● **Collected data**
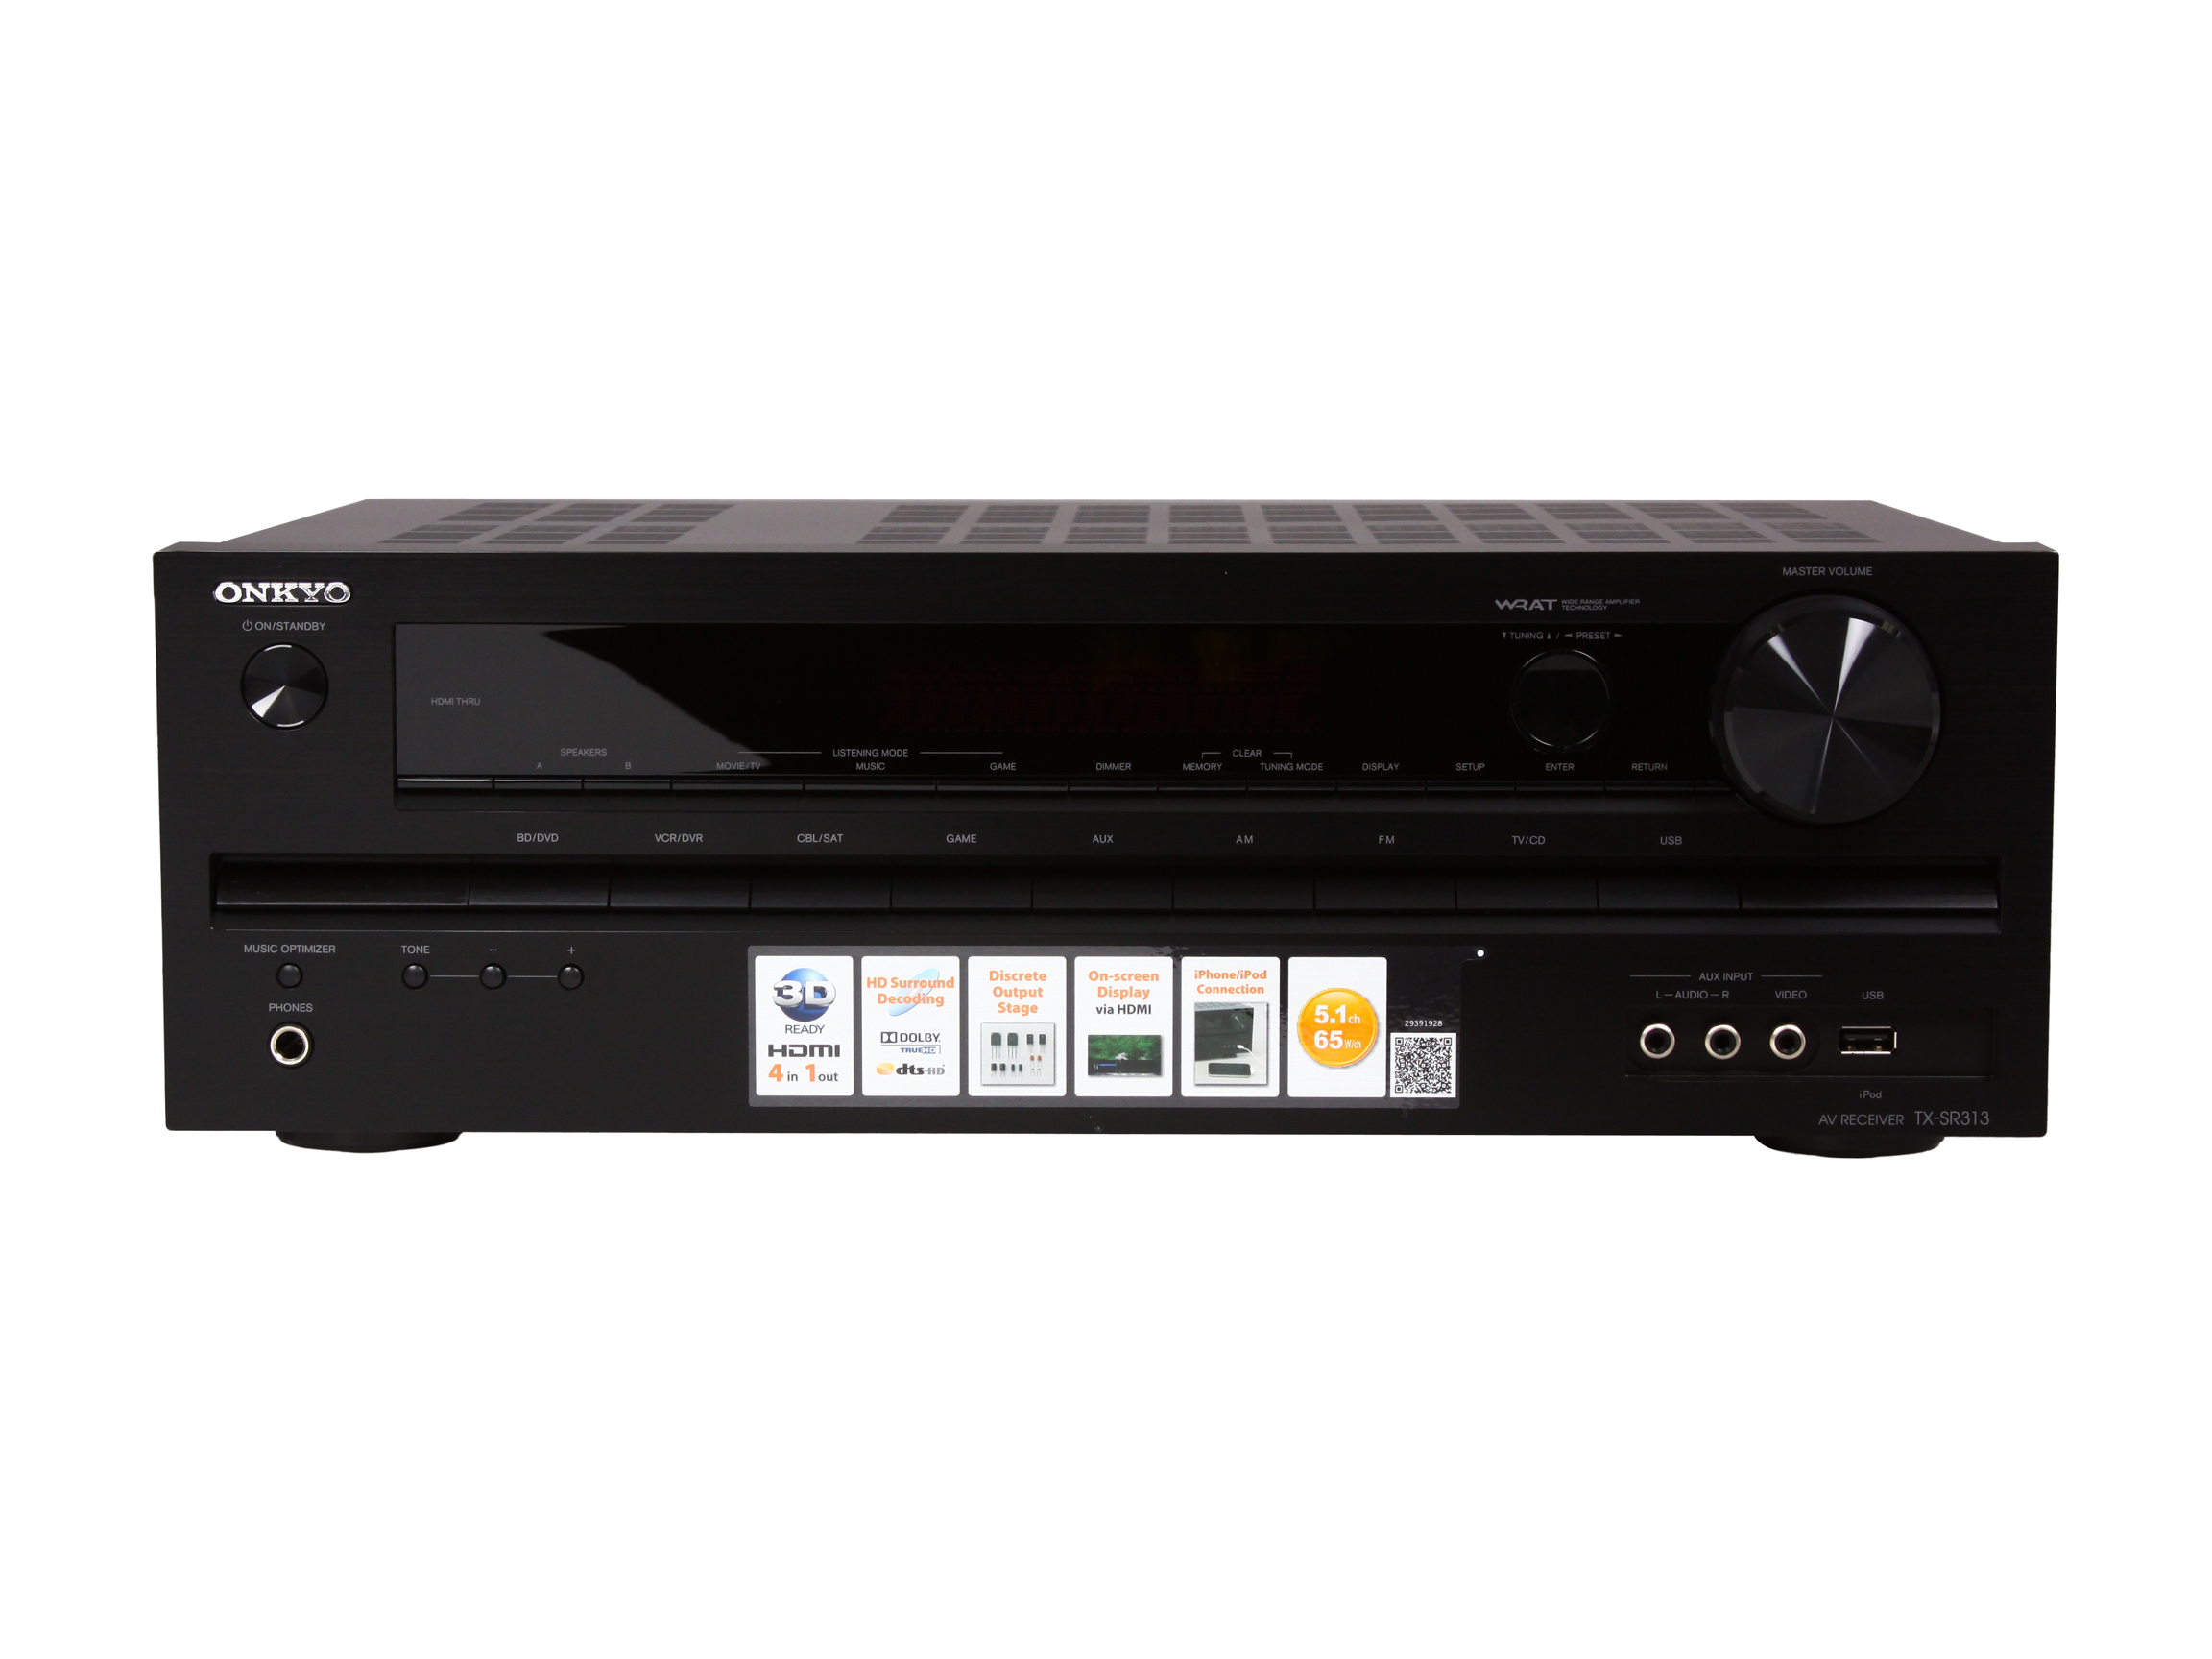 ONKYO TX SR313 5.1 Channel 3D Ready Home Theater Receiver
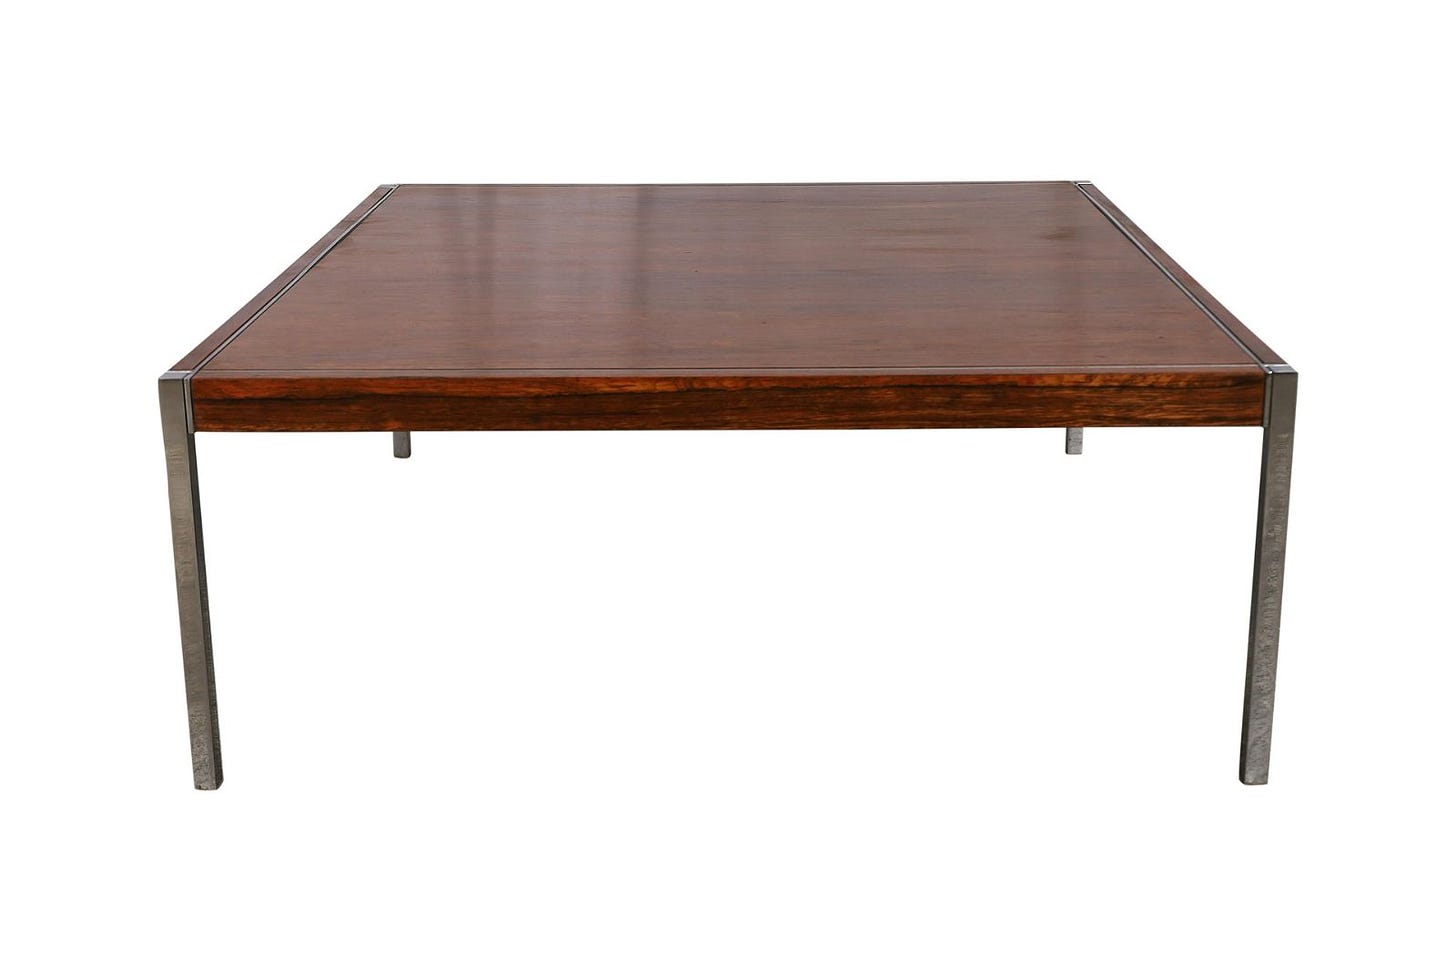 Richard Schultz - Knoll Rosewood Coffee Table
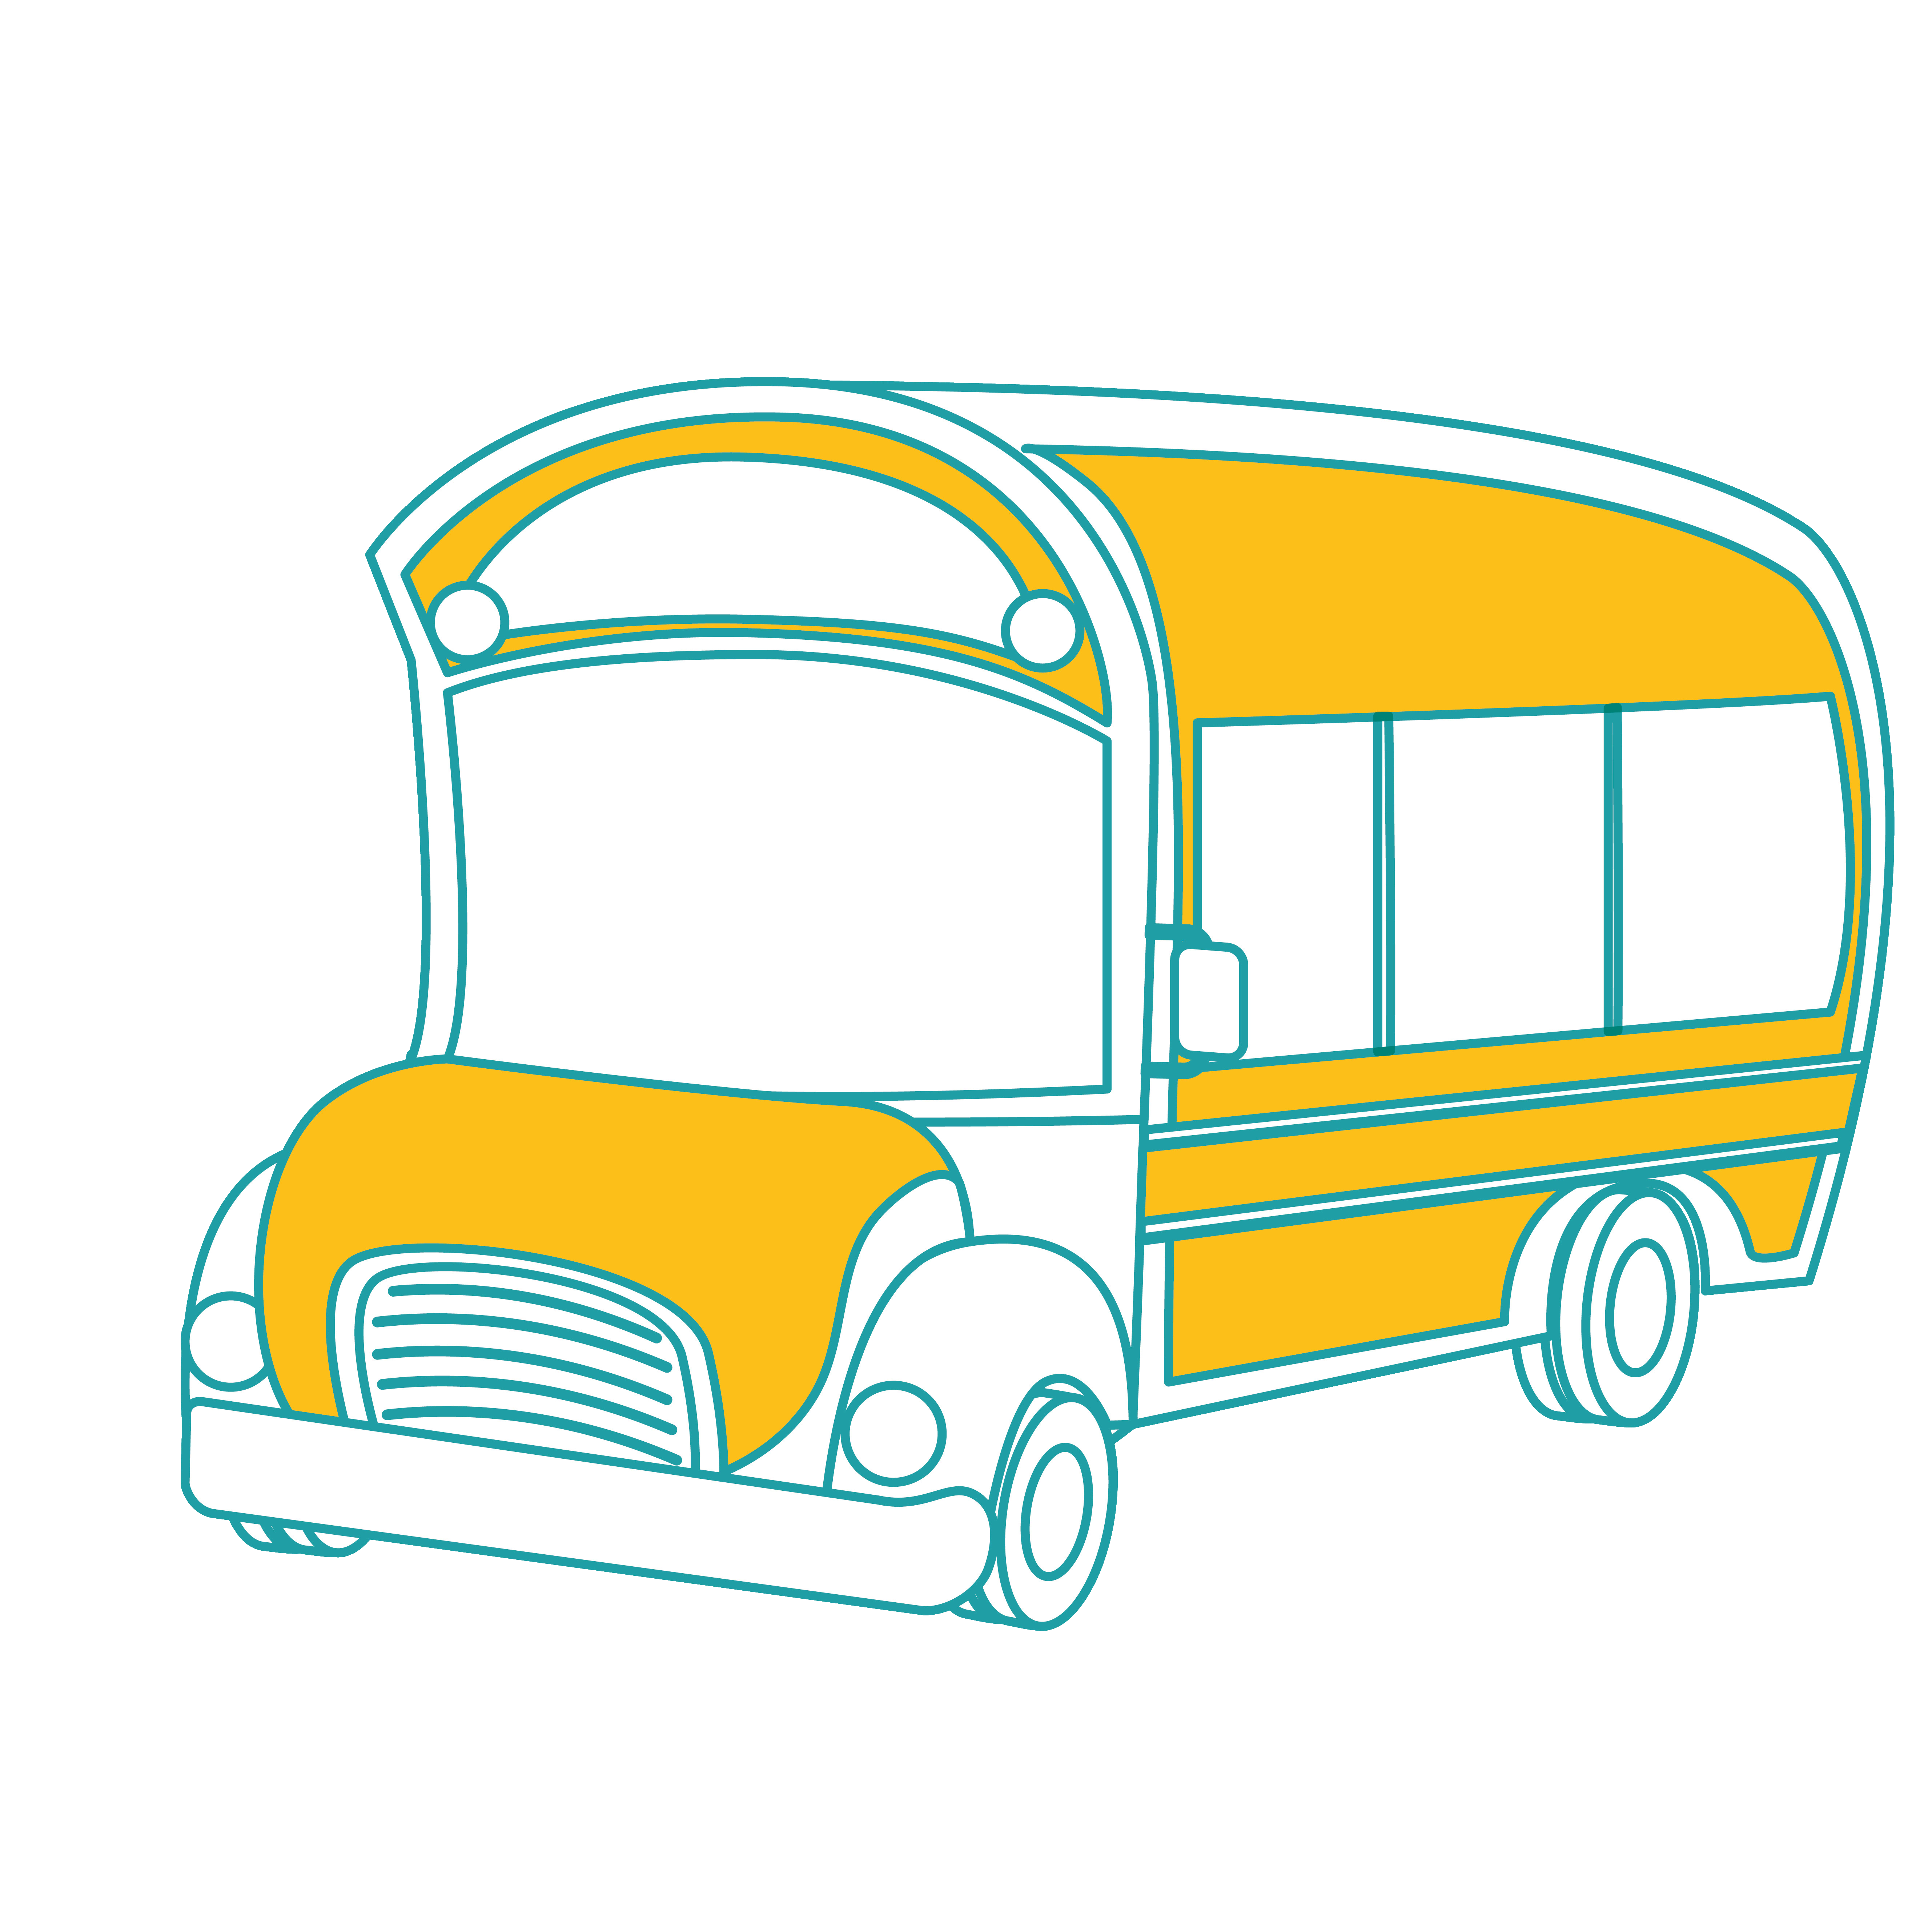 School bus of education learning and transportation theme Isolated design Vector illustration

● **Exercise requirements**
Reproduce every line above word for word; no images.

● **Written solution**
 ONKYO TX SR313 5.1 Channel 3D Ready Home Theater Receiver
 Richard Schultz - Knoll Rosewood Coffee Table
 School bus of education learning and transportation theme Isolated design Vector illustration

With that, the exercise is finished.